During the first world war Millay had been a dedicated and active pacifist; however, from 1940 she supported the Allied Forces, writing in celebration of the war effort and later working with Writers' War Board to create propaganda, including poetry.[22] Her reputation in poetry circles was damaged by her war work. Merle Rubin noted: "She seems to have caught more flak from the literary critics for supporting democracy than Ezra Pound did for championing fascism."[23]

In 1943 Millay was the sixth person and the second woman to be awarded the Frost Medal for her lifetime contribution to American poetry.

Boissevain died in 1949 of lung cancer, and Millay lived alone for the last year of her life.

Millay died at her home on October 19, 1950. She had fallen down stairs and was found approximately eight hours after her death. Her physician reported that she had suffered a heart attack following a coronary occlusion.[24] She was 58 years old. She is buried alongside her husband at Millay Colony for the Arts, Austerlitz, New York.[25]

Millay's sister Norma and her husband, the painter and actor Charles Frederick Ellis, moved to Steepletop after Millay's death. In 1973, they established Millay Colony for the Arts on the seven acres around the house and barn. After the death of her husband in 1976, Norma continued to run the program until her death in 1986.

At 17, the poet Mary Oliver visited Steepletop and became a close friend of Norma. Oliver eventually lived there for seven years and helped to organize Millay's papers.[26] Mary Oliver herself went on to become a Pulitzer Prize-winning poet, greatly inspired by Millay's work.[27] In 2006, the state of New York paid $1.69 million to acquire Steepletop, with the intention to add the land to a nearby state forest preserve. The proceeds of the sale were to be used by the Edna St. Vincent Millay Society to restore the farmhouse and grounds and turn it into a museum. The museum has been open to the public since summer 2010, and guided tours of Steepletop and Millay's gardens are available from the end of May through the middle of October. Parts of the grounds of Steepletop, including the Millay Poetry Trail that leads to her grave, are now open to the public year-round.
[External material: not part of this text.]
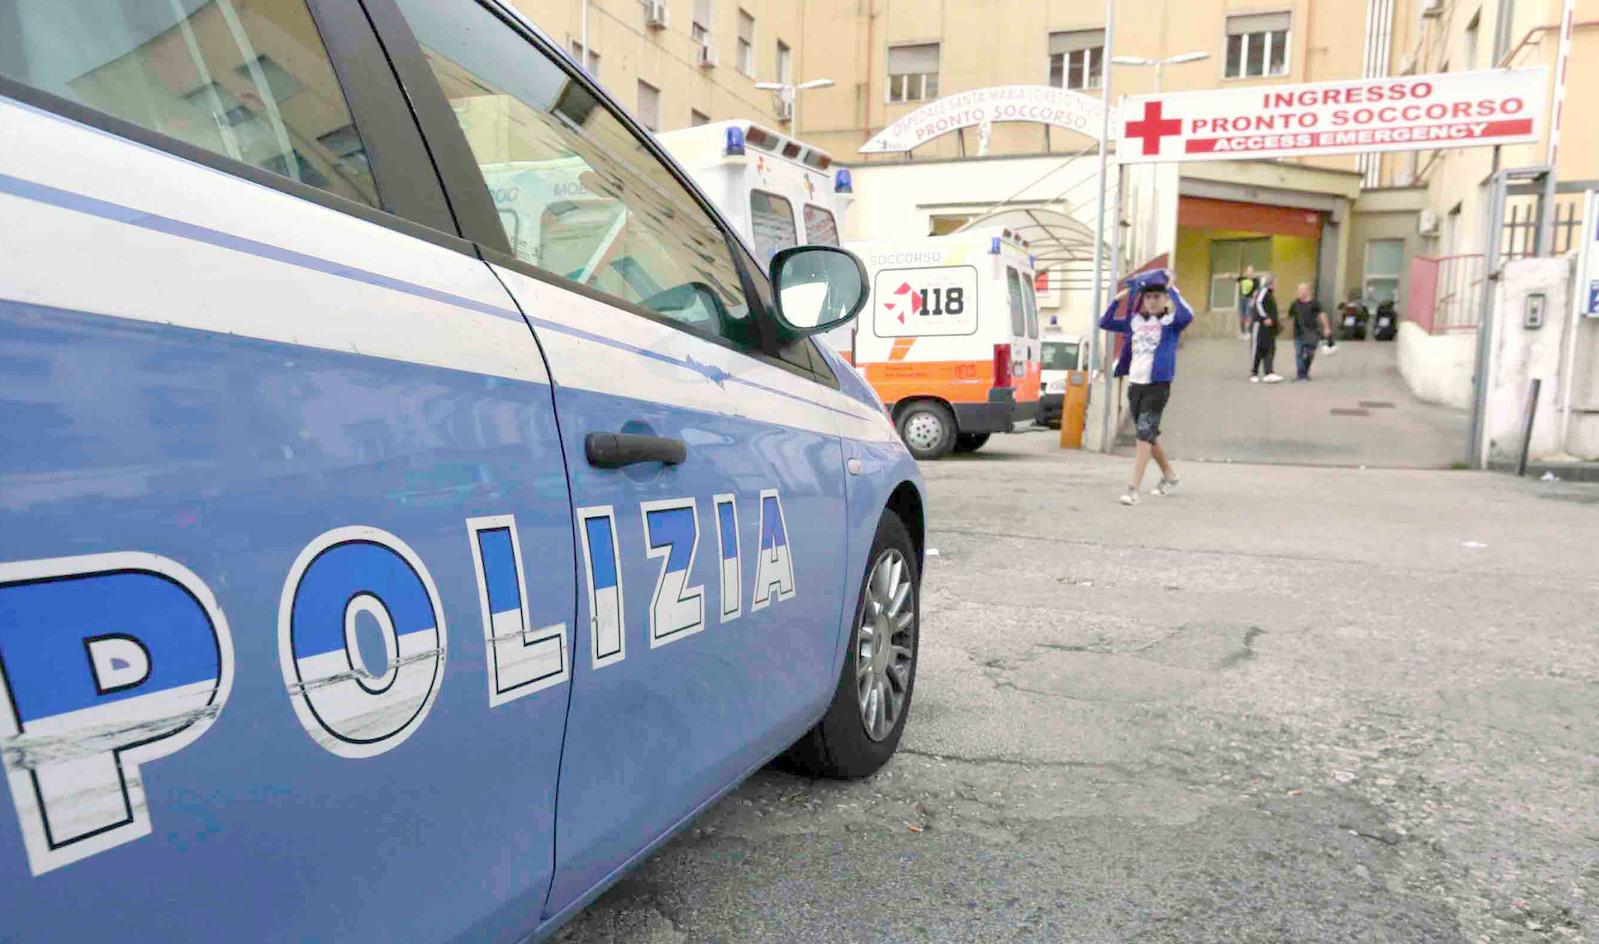 Pistolettata contro il Loreto Mare, trovato in serata il bossolo: esploso da una 7,65
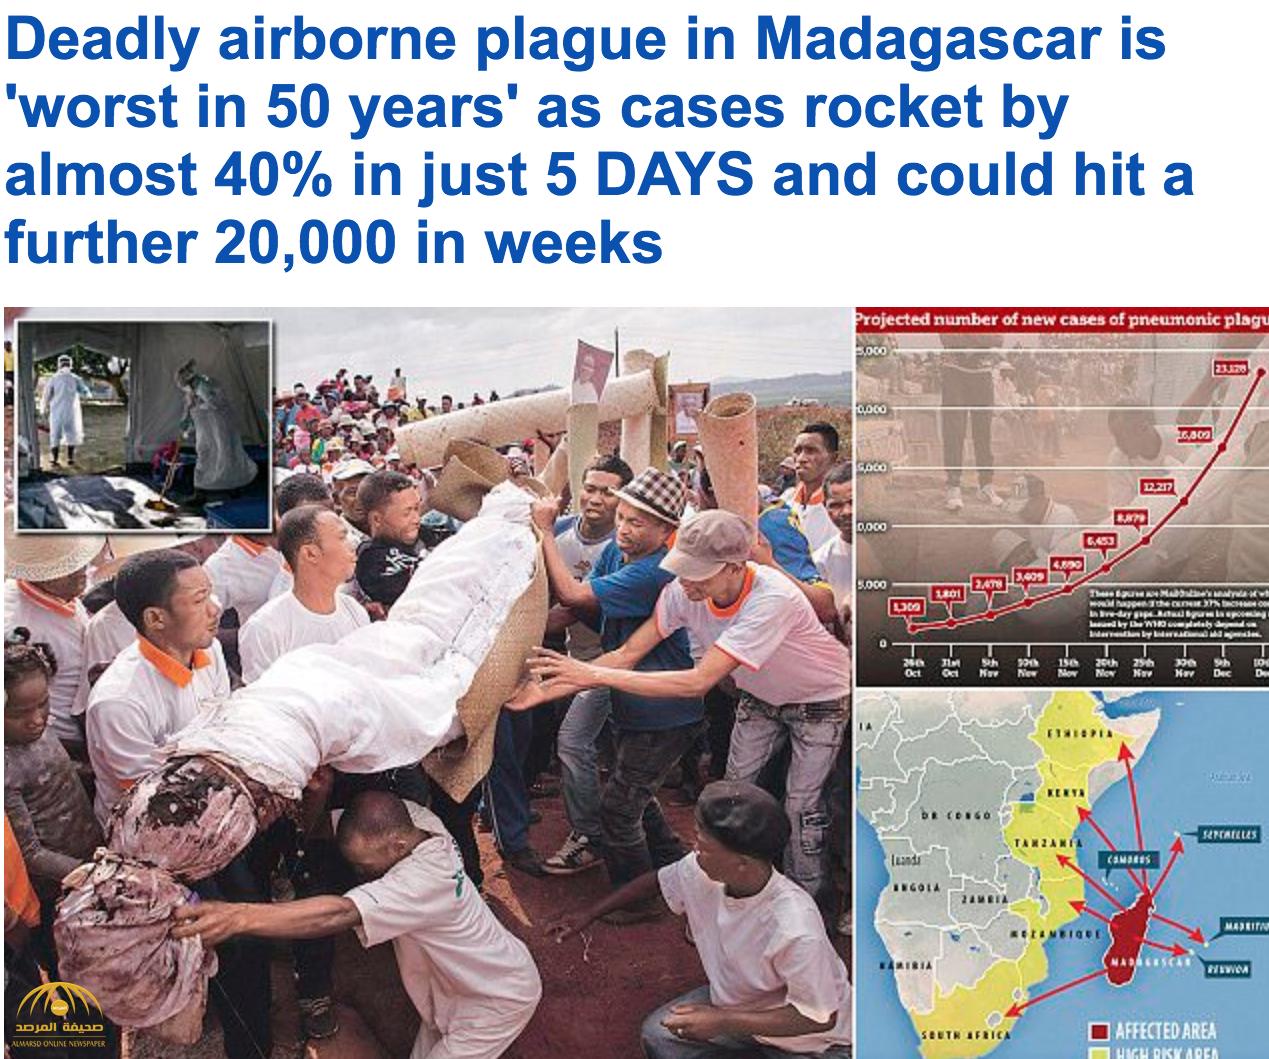 """وباء """"الطاعون"""" يعود بقوة ويتحول إلى """"كارثة"""" حقيقية في مدغشقر وتحذيرات في دول أخرى!"""

Details of Millay's life were compiled by biographer Nancy Milford in the book titled ''Savage Beauty: The Life of Edna St Vincent Millay'', published in 2001. Milford was sought out by Millay's only living connection at the time, her sister Norma Millay Ellis, and was chosen for her previous, successful biography ''Zelda''. Milford would then go on to edit and write an introduction for a collection of Millay's poems called ''The Selected Poetry of Edna St. Vincent Millay.''[28]

In 2015, she was named by Equality Forum as one of their 31 Icons of the 2015 LGBT History Month.[29]

Tennessee Williams (1911-1983), Roddy Bottum (born 1963) and Edna St. Vincent Millay (1893-1950), all descend from the same Pilgrims, Stephen Tracy and his wife Tryphosa Less, and Stephen Hopkins (arrived with the Mayflower).